Adolph von La Valette-St. George (14 November 1831 in Schloss Auel - 29 November 1910 in Bonn) was a German zoologist and anatomist, known for his research in developmental biology.

He studied at the Friedrich Wilhelm University of Berlin, the Ludwig-Maximilians-Universität München, and the University of Würzburg, where he was a student of Albert von Kölliker. In 1855, he obtained his PhD with the thesis "Symbolae ad Trematodum evolutionis historiam", then in 1857 received his medical doctorate. In 1858, he qualified as a lecturer at the University of Bonn, where in 1862 he became an associate professor. In 1875, he was named a full professor and successor to Max Schultze as director of the anatomical institute at the University of Bonn.

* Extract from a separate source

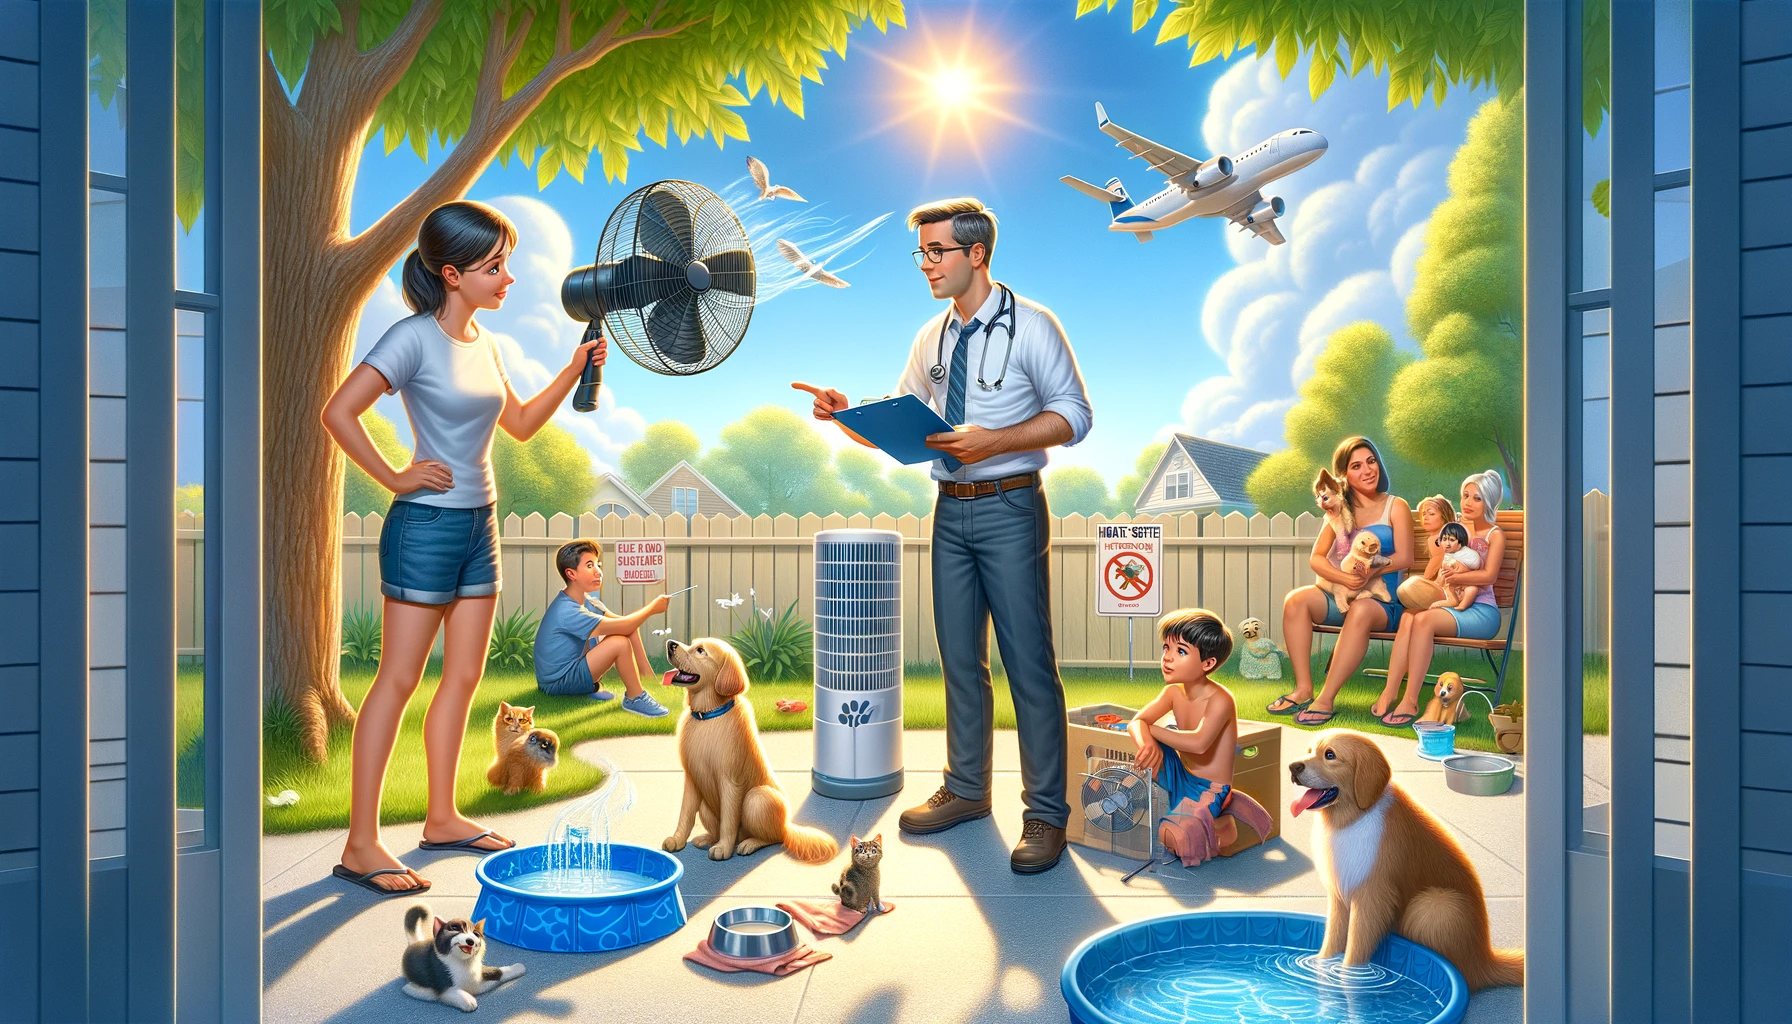 DALL·E 2024 03 09 11.47.35 Visualize a caring scenario during a heat wave aimed at pet safety focusing on a veterinarian advising a family in a backyard setting. The vet shown

He is credited with coining the terms spermatocyte (1876), spermatogonium (1876) and spermatid (1886). Some sources mention La Valette-St. George as the first to observe what would later be known as the Golgi apparatus (1865, 1867), a structure that he reportedly described in the sexual cells of snails.

== Published works ==
With Heinrich Wilhelm Gottfried von Waldeyer-Hartz (from 1874) and Oscar Hertwig (from 1889), he was co-editor of the journal "Archiv für mikroskopische Anatomie". The following are a list of some of his noted scientific works:
- Entwicklung der Trematoden, 1859 - Development of trematodes.
- Studien über die Entwicklung der Amphipoden, 1860 - Studies on the development of amphipods.
- Ueber die Entwicklung der Isopoden, 1864 - On the development of isopods.
- Ueber eine neue Art amöboider Zellen, 1865 - On a new kind of amoeboid cell.
- Ueber die Genese der Samenkörper, 1865 - On the genesis of spermatic bodies.
- Ueber den Keimfleck und die Deutung der Eitheile, 1866 - On the germinal spot and the construction of egg components.
- Entwicklung der Samenkörper beim Frosch, 1868 - Development of the spermatic bodies in frogs.
- Ueber einen neuen Fischbrutapparat, 1882 - On a new fish brooder.
- Zelltheilung und Samenbildung bei Forficula auricularia, 1887 - Cell division and spermatogenesis of Forficula auricularia.
- Ueber innere Zwitterbildung beim Flusskrebs, 1892 - On inner hermaphroditism in crayfish.
- Zwitterbildung beim kleinen Wassermolch, 1895 - Hermaphroditism in small newts.
- Zur Samen- und Eibildung beim Seidenspinner (Bombyx mori), 1897 - Sperm and egg formation in silkworms (Bombyx mori).
- Die Spermatogenese bei den Säugethieren und dem Menschen, 1898 - Spermatogenesis of quadrupeds and humans.